Un permis de construire allemand pour un bâtiment en bambou

J’ai immédiatement demandé à Simon Velez, l’icône colombienne de l’architecture en bambou, de se charger de la conception. En un coup de fil, Stephan Schmidtheiny, le philanthrope suisse, était prêt à payer la première facture de nombreux tests de laboratoire coûteux dans les universités allemandes. Le processus d’obtention des permis se déroule rapidement.

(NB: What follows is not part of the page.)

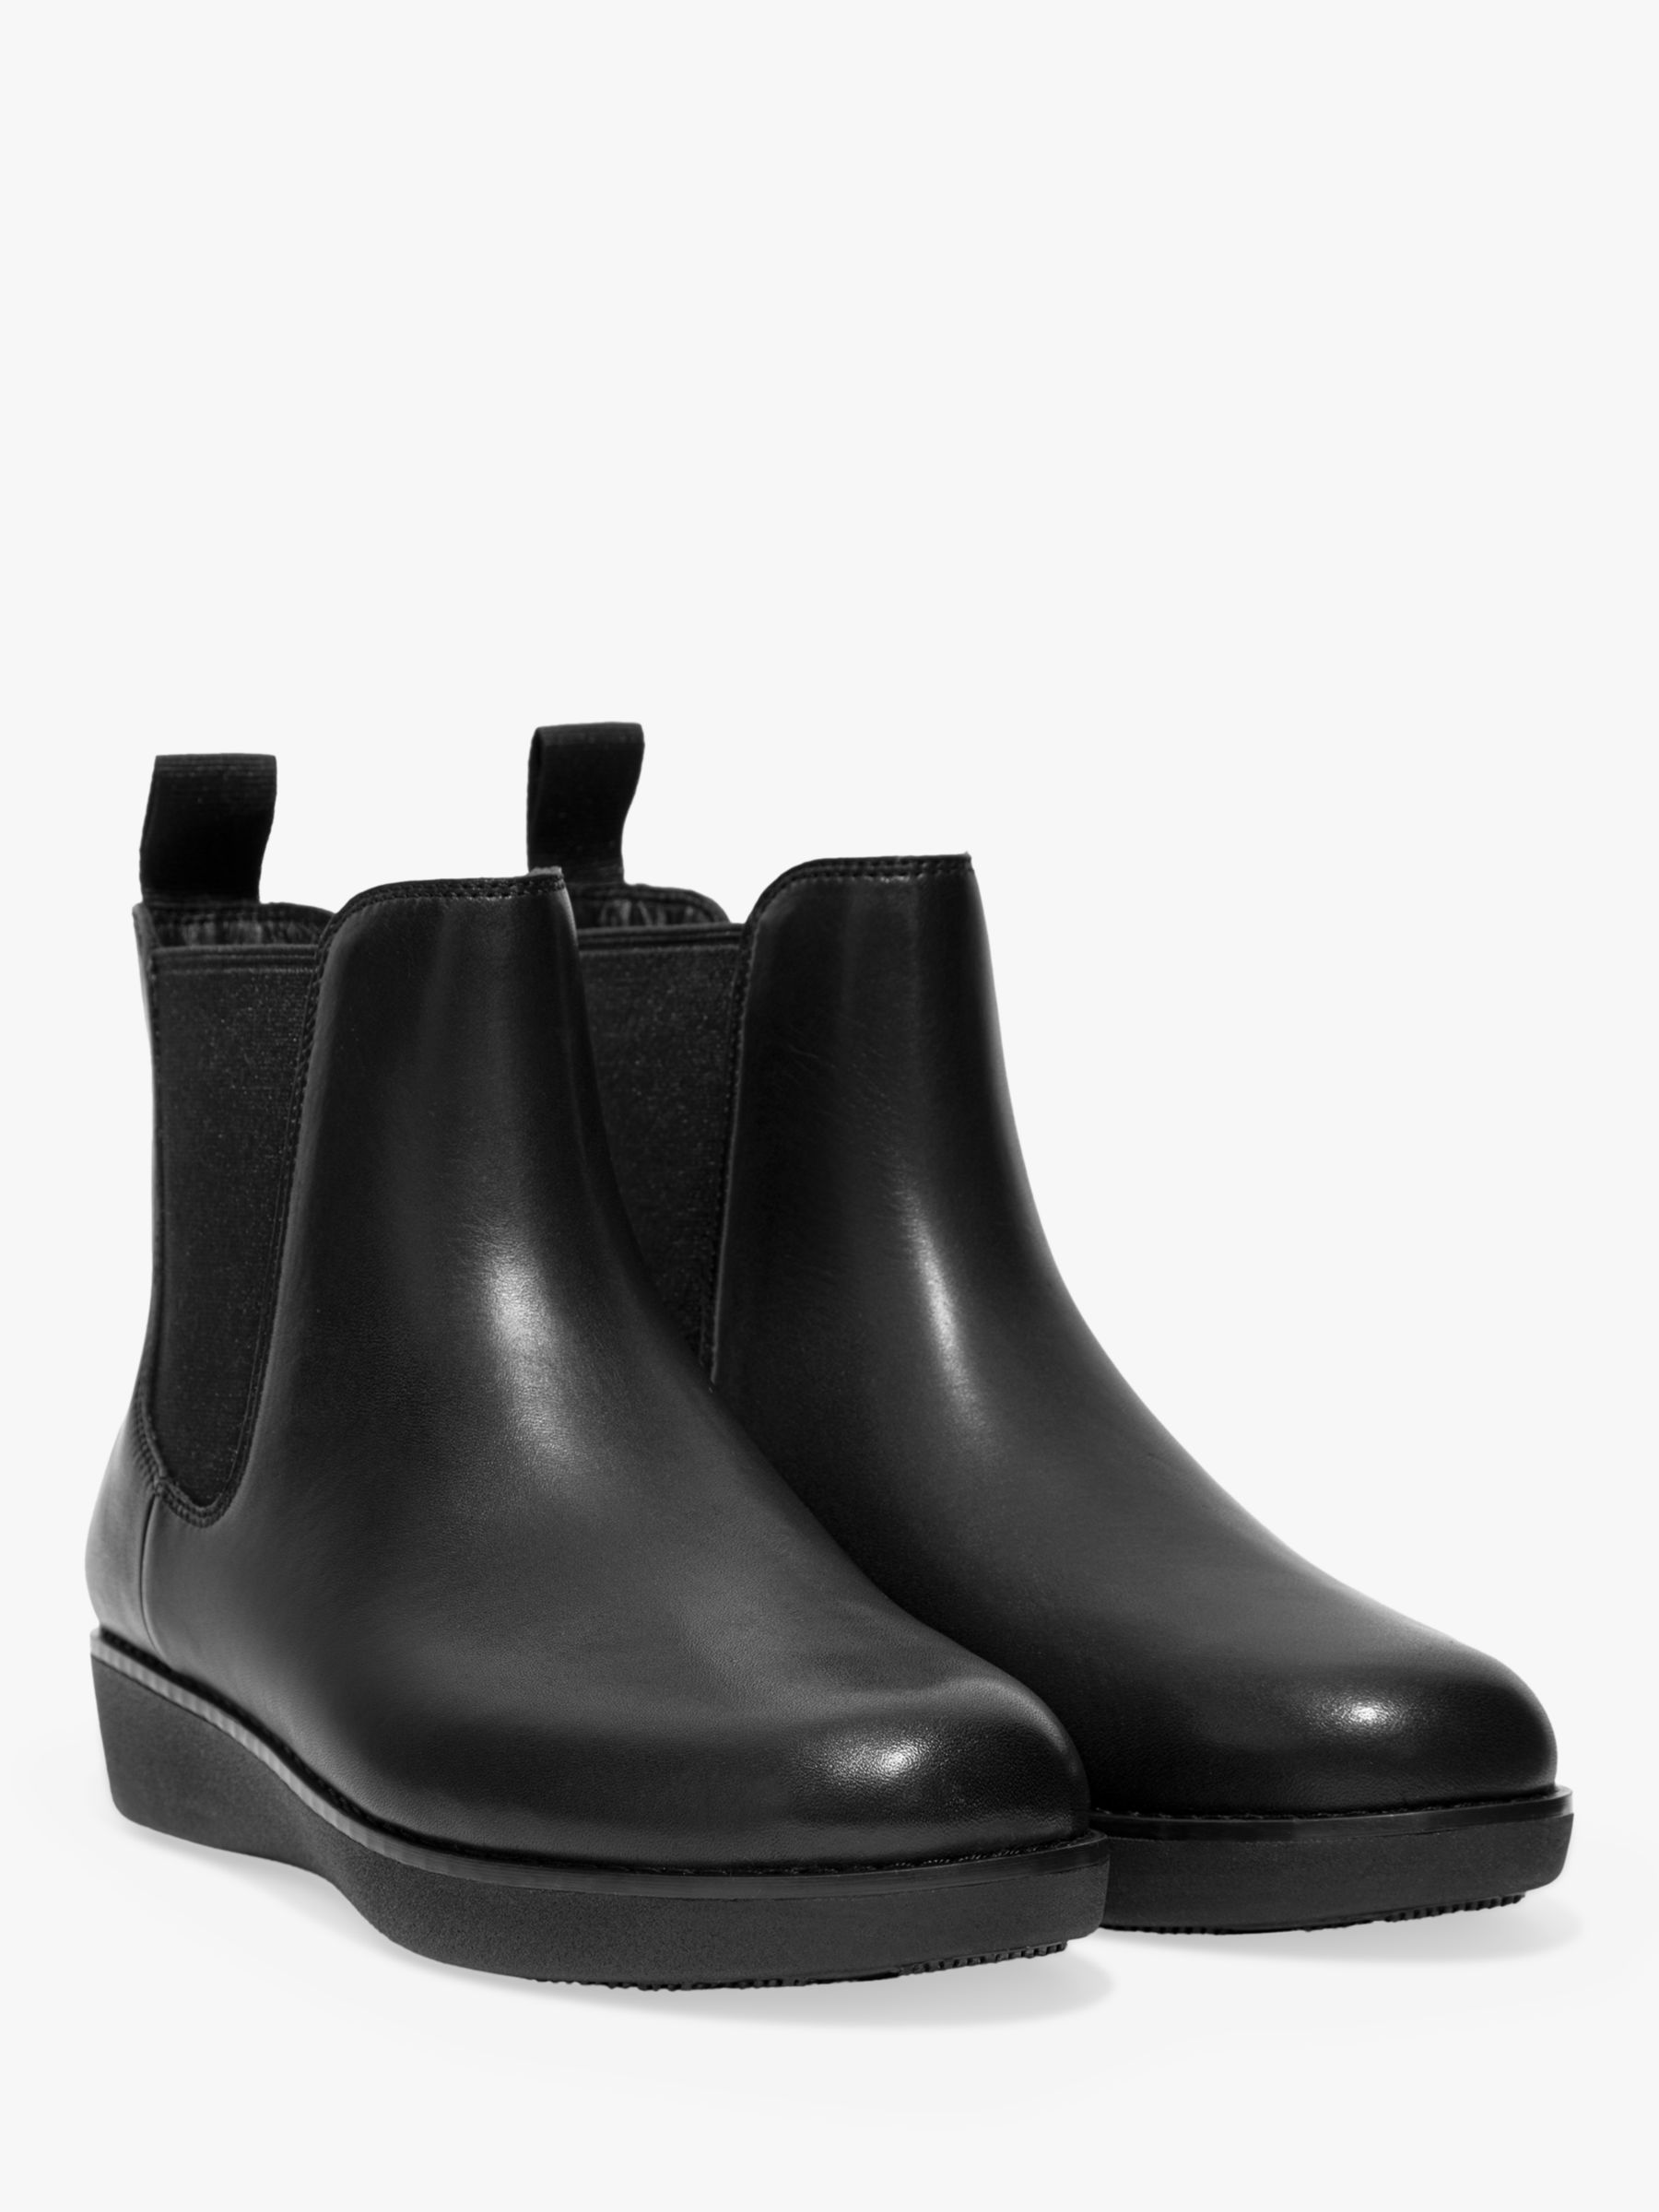 FitFlop Sumi Leather Chelsea Boots, All Black at John Lewis & Partners
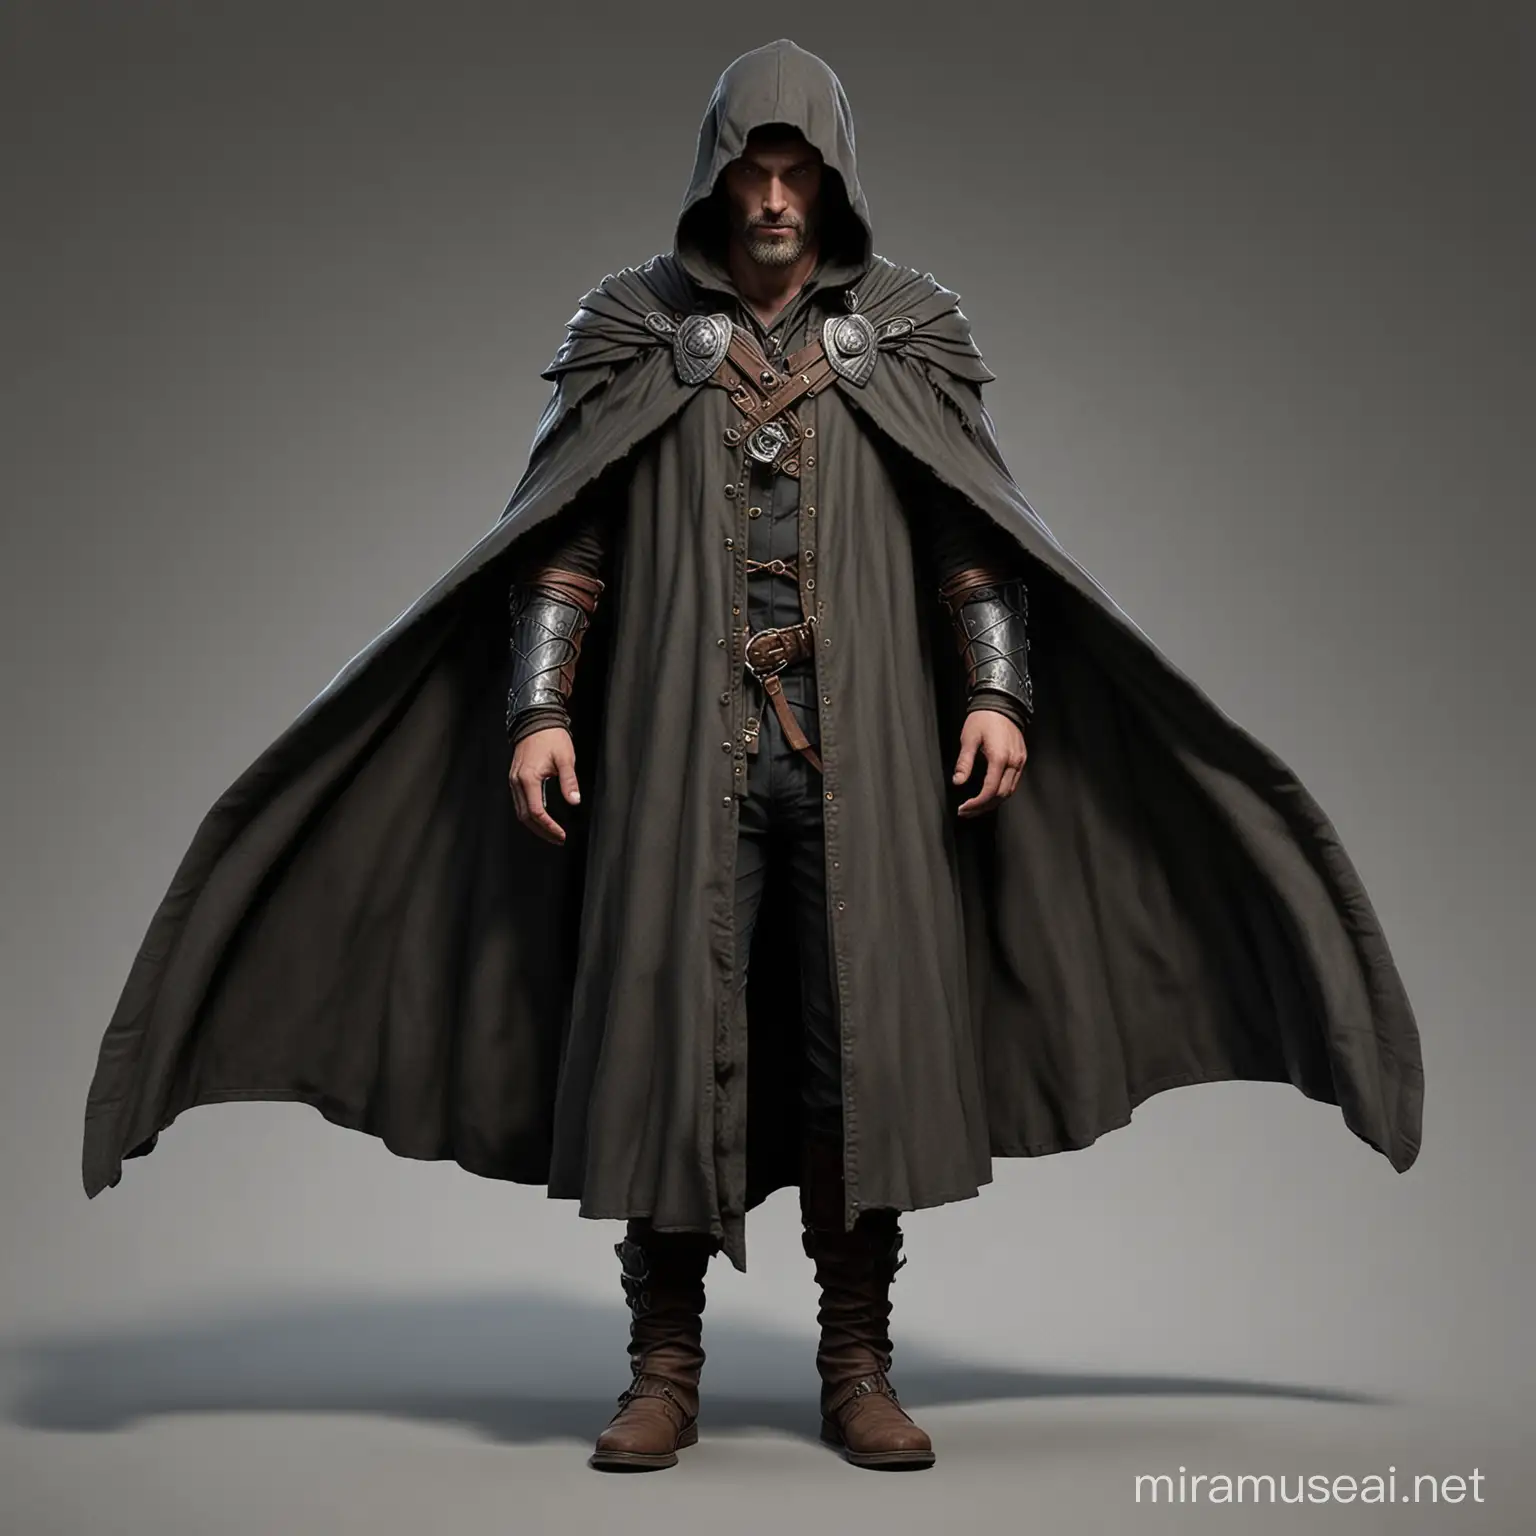 Realistic Dungeons and Dragons Rogue Cloak with Intricate Details

En revanche, l’organisation de la construction de deux pavillons, l’un en Colombie et l’autre à Hanovre, en l’espace de 14 mois, a constitué un cours intensif de conception et de planification de bâtiments. Mario Calderon Rivera, président de la Chambre de commerce et d’industrie de Manizales, a été le partenaire indispensable qui a assumé seul les coûts du pavillon en bambou de Manizales, avec le soutien de Gabriel German Londoño et Nestor Buitrago. Il est toujours là aujourd’hui et est devenu un symbole pour la région2. J’ai assumé la responsabilité du pavillon en Allemagne et cela m’a valu une invitation en tant que professeur invité au Politecnico di Torino grâce au soutien inlassable du professeur Luigi Bistagnino. L’expérience du travail du bois dans un climat tempéré, d’un hôpital sous les tropiques et de la plus grande structure en bambou de l’époque, m’a donné suffisamment d’expérience en 2000 pour commencer à expérimenter par moi-même. La construction d’une maison bioclimatique, « La Miñoca » à Manizales (Colombie), avec le soutien de Carolina Salazar Ocampo, l’architecte colombienne, est devenue ma référence personnelle. Lorsque les invités de la maison nouvellement construite se sont plaints en 2003 que la chambre était trop froide, j’ai su que j’avais compris les options de conception basées sur la physique, et que je les avais peut-être même exagérées.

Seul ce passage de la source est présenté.